• [Available data]:

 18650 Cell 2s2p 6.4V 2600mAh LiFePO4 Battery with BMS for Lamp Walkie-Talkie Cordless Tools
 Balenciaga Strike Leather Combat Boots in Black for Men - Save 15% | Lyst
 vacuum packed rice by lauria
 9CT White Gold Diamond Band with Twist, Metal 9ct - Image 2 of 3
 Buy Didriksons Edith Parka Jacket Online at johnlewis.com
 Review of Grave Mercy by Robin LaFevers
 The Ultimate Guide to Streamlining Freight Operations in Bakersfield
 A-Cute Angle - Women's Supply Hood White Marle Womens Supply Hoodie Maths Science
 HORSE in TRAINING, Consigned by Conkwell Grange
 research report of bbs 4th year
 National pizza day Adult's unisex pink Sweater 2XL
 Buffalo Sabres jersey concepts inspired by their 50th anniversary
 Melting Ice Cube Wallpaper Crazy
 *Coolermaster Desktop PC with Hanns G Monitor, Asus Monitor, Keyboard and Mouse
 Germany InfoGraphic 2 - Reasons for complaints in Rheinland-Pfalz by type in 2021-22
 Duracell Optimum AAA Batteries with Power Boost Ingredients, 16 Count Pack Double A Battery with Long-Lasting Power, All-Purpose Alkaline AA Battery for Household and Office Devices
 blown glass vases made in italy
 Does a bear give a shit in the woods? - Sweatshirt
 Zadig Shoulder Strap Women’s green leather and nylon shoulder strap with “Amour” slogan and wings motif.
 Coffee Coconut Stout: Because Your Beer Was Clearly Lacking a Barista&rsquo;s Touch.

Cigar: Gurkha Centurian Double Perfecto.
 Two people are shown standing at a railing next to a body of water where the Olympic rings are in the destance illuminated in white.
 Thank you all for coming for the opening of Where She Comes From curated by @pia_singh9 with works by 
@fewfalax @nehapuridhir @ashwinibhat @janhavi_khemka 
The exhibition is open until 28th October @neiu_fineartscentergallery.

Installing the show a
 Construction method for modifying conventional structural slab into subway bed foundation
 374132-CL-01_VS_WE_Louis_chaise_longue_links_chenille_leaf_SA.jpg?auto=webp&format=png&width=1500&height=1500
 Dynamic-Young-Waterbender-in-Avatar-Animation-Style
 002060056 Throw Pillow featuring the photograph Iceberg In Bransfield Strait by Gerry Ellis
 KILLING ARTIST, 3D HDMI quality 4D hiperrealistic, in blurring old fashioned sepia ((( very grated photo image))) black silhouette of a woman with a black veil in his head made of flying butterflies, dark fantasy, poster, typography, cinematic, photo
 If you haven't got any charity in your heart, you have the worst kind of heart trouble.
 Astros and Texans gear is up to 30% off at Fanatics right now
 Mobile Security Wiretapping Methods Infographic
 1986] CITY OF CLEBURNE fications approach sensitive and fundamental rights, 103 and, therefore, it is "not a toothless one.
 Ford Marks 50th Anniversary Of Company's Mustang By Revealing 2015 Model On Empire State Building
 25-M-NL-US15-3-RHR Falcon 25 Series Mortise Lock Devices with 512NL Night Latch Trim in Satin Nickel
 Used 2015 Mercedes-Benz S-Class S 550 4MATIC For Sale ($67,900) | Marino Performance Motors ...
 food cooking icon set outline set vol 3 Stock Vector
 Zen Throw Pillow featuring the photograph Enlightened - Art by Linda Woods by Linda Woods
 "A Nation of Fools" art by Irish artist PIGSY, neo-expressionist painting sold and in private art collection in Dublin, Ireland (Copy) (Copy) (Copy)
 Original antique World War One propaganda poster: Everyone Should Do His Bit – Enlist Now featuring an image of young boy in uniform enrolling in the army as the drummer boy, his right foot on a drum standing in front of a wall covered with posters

• [The problem]:
In the answer, the lines from the first line of the data above through the line containing "National pizza day" must appear exactly as written, with nothing else.

• [Written answer]:
 18650 Cell 2s2p 6.4V 2600mAh LiFePO4 Battery with BMS for Lamp Walkie-Talkie Cordless Tools
 Balenciaga Strike Leather Combat Boots in Black for Men - Save 15% | Lyst
 vacuum packed rice by lauria
 9CT White Gold Diamond Band with Twist, Metal 9ct - Image 2 of 3
 Buy Didriksons Edith Parka Jacket Online at johnlewis.com
 Review of Grave Mercy by Robin LaFevers
 The Ultimate Guide to Streamlining Freight Operations in Bakersfield
 A-Cute Angle - Women's Supply Hood White Marle Womens Supply Hoodie Maths Science
 HORSE in TRAINING, Consigned by Conkwell Grange
 research report of bbs 4th year
 National pizza day Adult's unisex pink Sweater 2XL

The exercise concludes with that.